Анна осталась чрезвычайно довольна отъездом Мальборо за границу, назвав его «само по себе разумным», но отказала ему в возможности нанести ей прощальный визит. Сара присоединилась к мужу на континенте в начале следующего года. На самом деле герцога было еще рано списывать со счетов. Он отправил своего квартирмейстера Кэдогана в Гаагу, дабы попытаться организовать международное вторжение в Англию. Там генерал встретился с представителями Голландии, Ганновера и посланником императора Священной Римской империи, проинформировав их, что только осуществление «революции» в Англии может предотвратить реставрацию Стюартов на троне. Мальборо дал заверения в том, что «как только соединенные силы голландцев и Ганновера произведут вторжение, зять герцога, граф Сандерленд, и Джеймс Стэнхоуп будут координировать события в Англии».

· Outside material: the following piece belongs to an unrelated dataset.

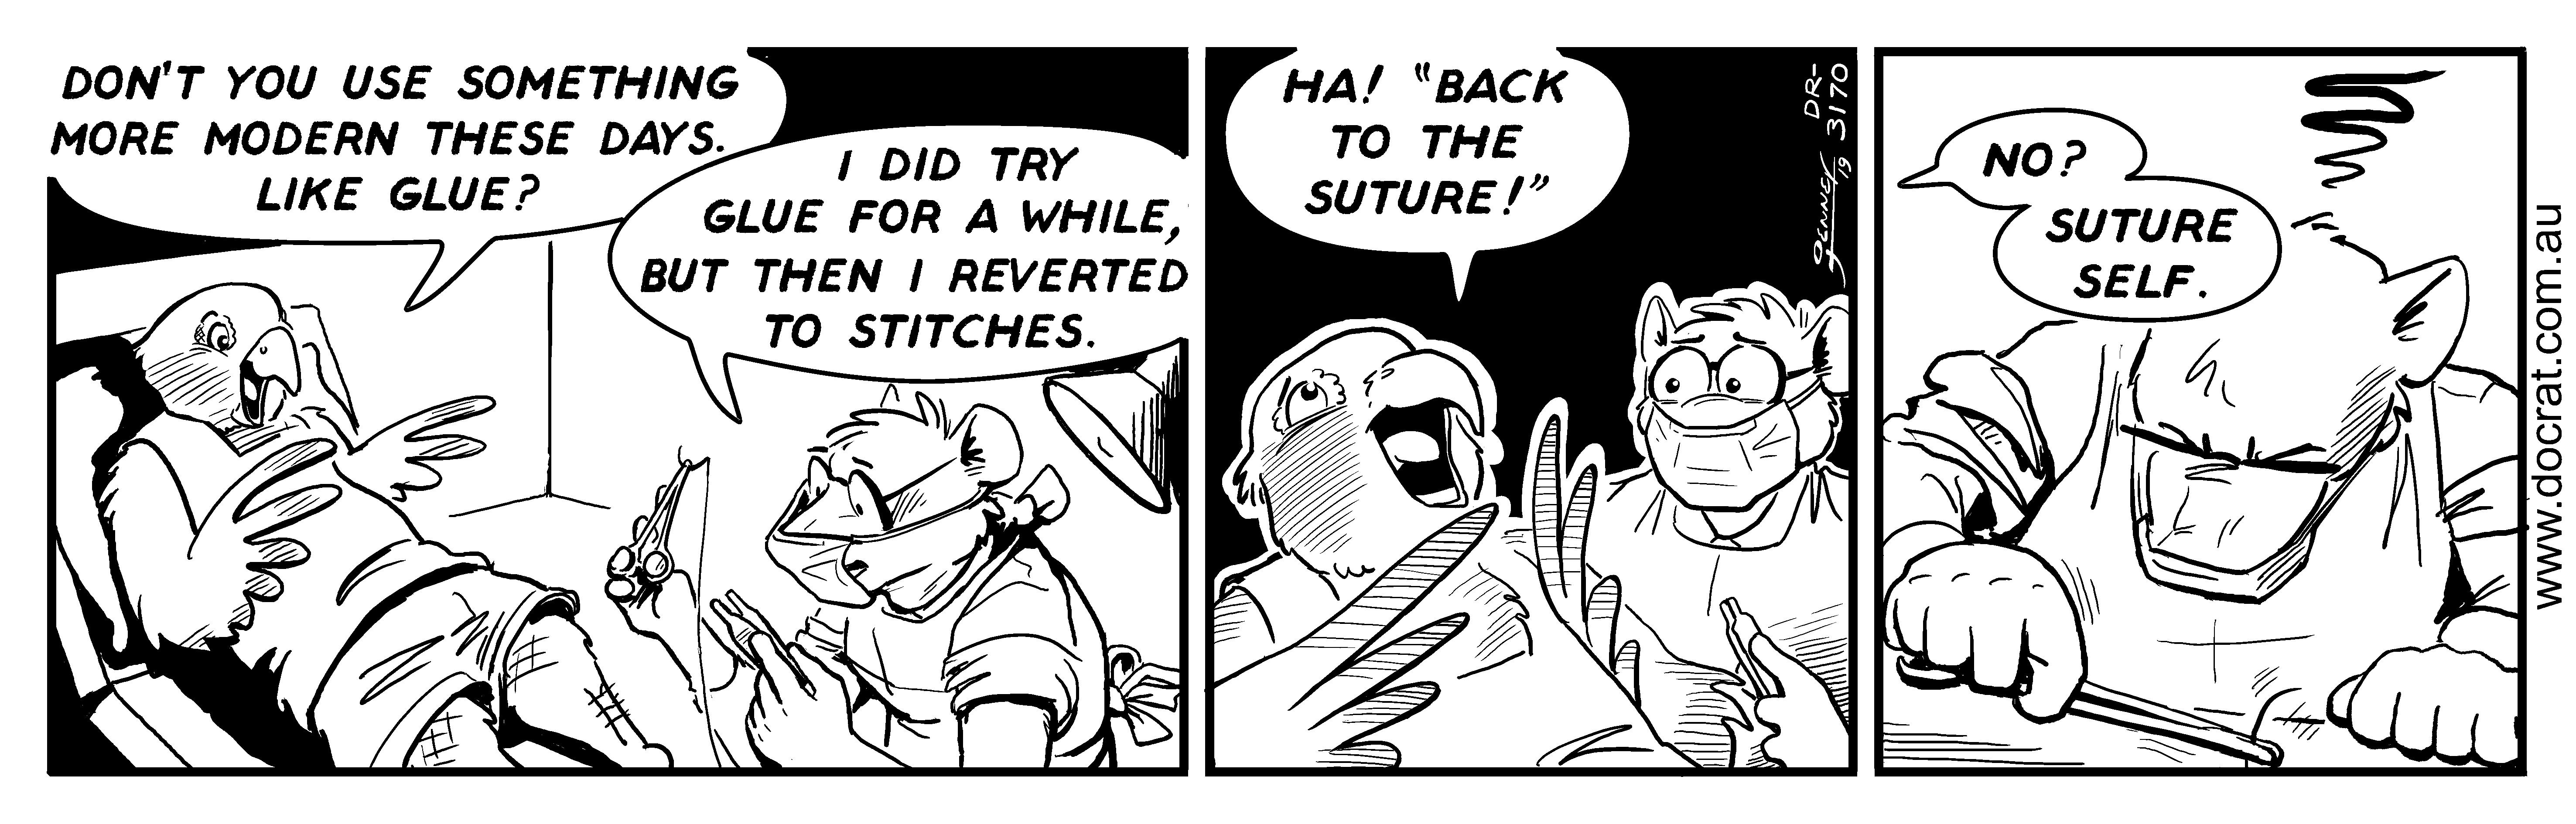 20190201

После мучительных и длительных переговоров 31 марта 1713 года полномочные представители Великобритании на переговорах в Утрехте подписали мир с Францией и Испанией, за ними последовали прочие союзники. Однако когда в парламенте были изложены полные условия Утрехтского мирного договора, возникли трудности, связанные с введением в силу торгового договора, согласованного с Францией. К этому времени обострились разногласия между лордом-казначеем Харли и государственным секретарем Генри Сент-Джоном, виконтом Болинброком (1678–1751). В августе Харли на несколько недель отлучился от двора, что обошлось ему недешево, ибо в его отсутствие Болинброк сильно укрепил свои позиции. Он втерся в доверие к леди Мэшем в надежде добиться фавора у королевы, напрямую заявив ей:
– Просто срам, что вы, сделавшая столь много важного и не только в опочивальне, никак не обеспечены, – и принялся внушать Абигайль, что уж он-то будет относиться к ней не в пример лучше.
Болинброк никак не мог простить Харли, что тот не уговорил королеву в 1712 году пожаловать ему графский титул, Анна сочла достаточным ограничиться титулом виконта. Свифт по этому поводу сделал следующую запись: «В то время он не состоял у нее в особой милости, некоторые дамы при дворе внушили ей мнение, что он не ведет столь порядочный образ жизни, как ему подобало бы».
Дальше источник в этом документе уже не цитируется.